Nessuna unanimità (...) che parlassero di un filosofo o di un imperatore, gli
scrittori antichi si limitavano a una scelta di aneddoti. Con più o meno
scetticismo sembravano consapevoli di non potere raccontare tutto - e neppure lo
volevano. Θ con l'Ottocento, e l'affermazione delle scienze cosiddette esatte,
che prende piede l'idea totalizzante di una biografia completa, obiettiva,
appunto: scientifica. La vita raccontata come un fenomeno naturale, in tutti i
suoi aspetti. Un'illusione, ovviamente.
(
Alberto Manguel
, scrittore)
Prima o poi succede, sotto qualunque latitudine mediatica. Arriva la classica tipa da "oroscopo in diretta" e chiede, nel nostro caso: perché proprio Stefano Rosso? Laria stolido/innocente, a metà tra la Biancaneve dei cartoni Disney e la Carlucci che intervista in tv. E allora tanto vale toglierselo subito 'sto pensiero. Cercare di spiegarli, a monte, i diversi come mai di questo libro. Comincio, quindi, facendo finta di trovarmi di fronte all'ibrido tele-radio-giornalistico di cui sopra: Perché piuttosto che l'ennesimo saggio su Guccini (o De Andrè) meglio uno ma buono su Stefano Rosso.

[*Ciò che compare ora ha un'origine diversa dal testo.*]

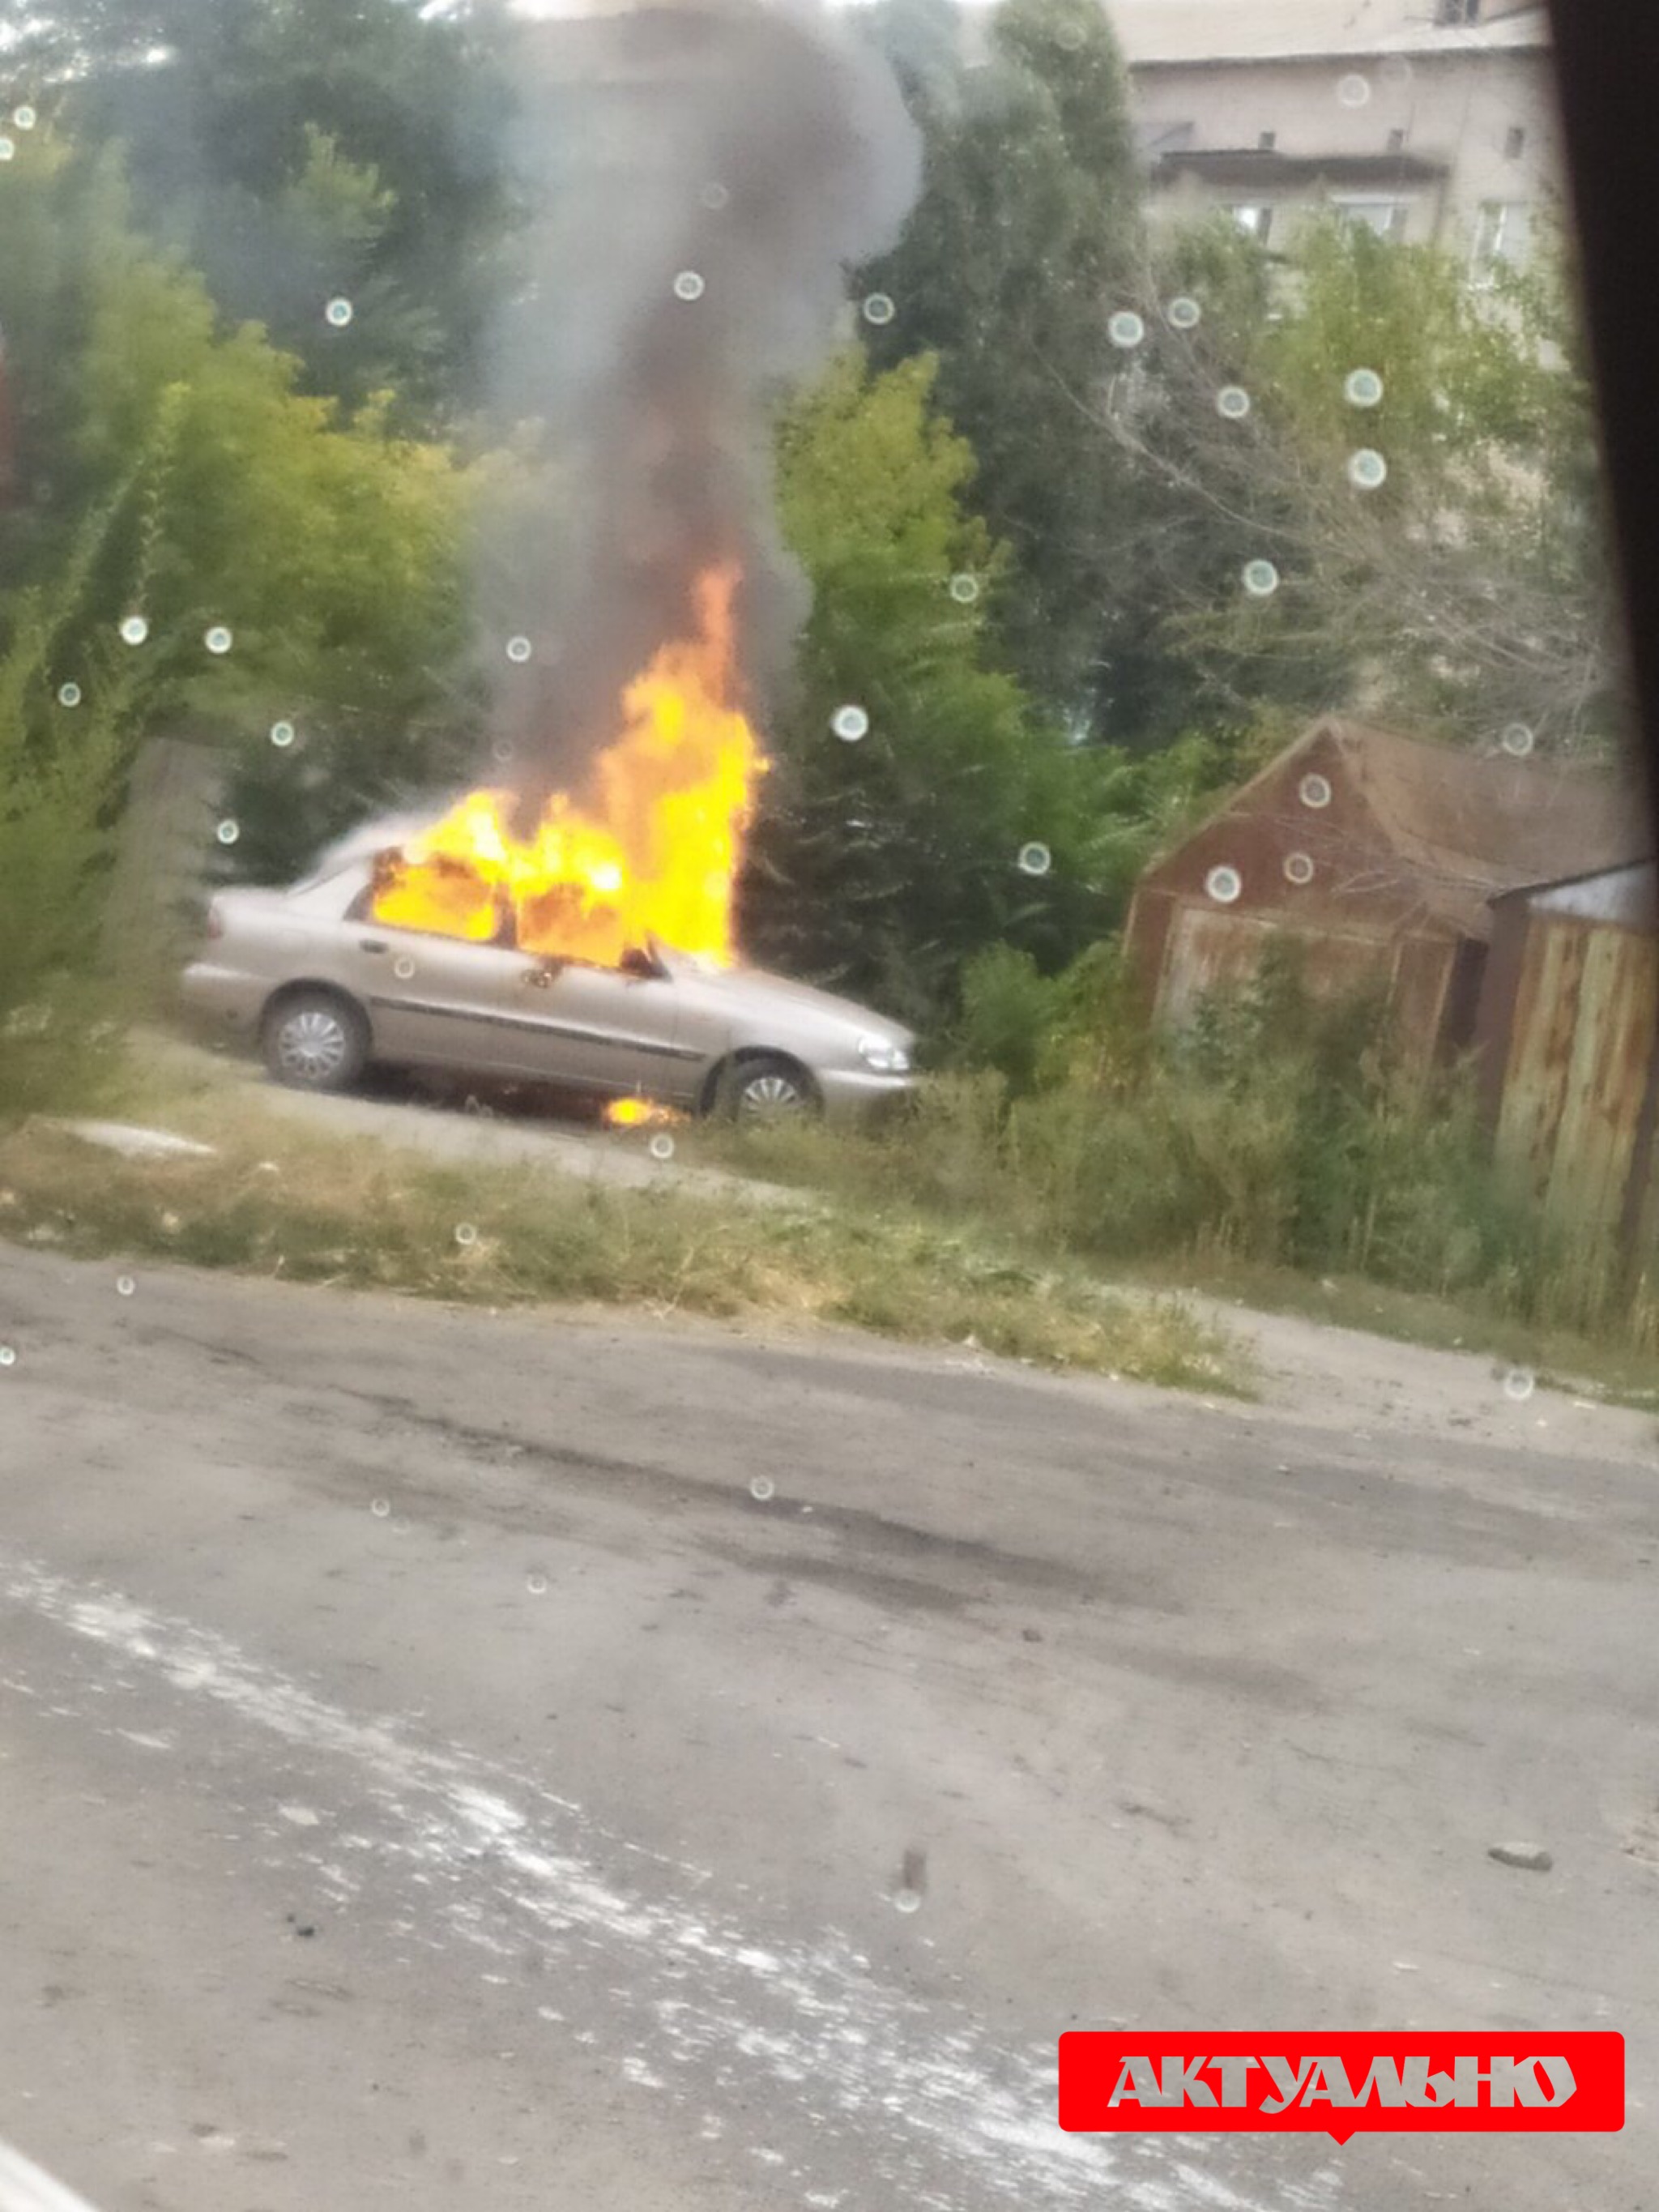 Машину сожгли за гаражами и выбросили оружие: подробности в убийстве замглавы Акимовской ОТГ (ФОТО)

Perché di Stefano Rosso nessuno ha mai parlato (scritto) davvero. Perché era scomodo, sensibile, poeta, difficile, divertente, non irreggimentato, colto, inaffidabile, lunatico, piantagrane, fragile, una roccia, gran bevitore, solo, ottimo suonatore di chitarra. Perché sono venuto su coi dischi dei cantautori italiani. Compresi i suoi. Quelli di Stefano Rosso. Mica soltanto Lolli e Vecchioni. Va detto a beneficio dei forzati delle classifiche: i mostri sacri sempre sugli altari, diverse spanne sotto i "minori". Quelli che post-mortem sono degni di un servizio al Tg1 (quanto meno fino all'avvento di Minzolini, adesso non è detto) e quelli che a stento un trafiletto nella pagina degli spettacoli. Continuo. Perché Stefano Rosso appartiene alla schiera dei sottovalutati della canzone italiana. Dei troppo in fretta dimenticati. Rimossi. Come un parente scomodo, uno che non si è capito e che è meglio scordare in tutta fretta. Prima di lui è toccato a Ivan Graziani e Pierangelo Bertoli. E il destino che capita ai senza tetto né legge. Agli anomali, agli scomodi. Perché secondo il luogo comune critico Stefano Rosso è stato assunto alla storia (underground) del cantautorato italiano come voce irriverente, dalla vena schietta e tendenzialmente comica, ma era molto, molto di più. Nel senso che la sua comicità era consustanziale all'aspetto tragico della vita. Alla pensosità. Perché "divertente" può anche starci, ma alla maniera di un Massimo Troisi.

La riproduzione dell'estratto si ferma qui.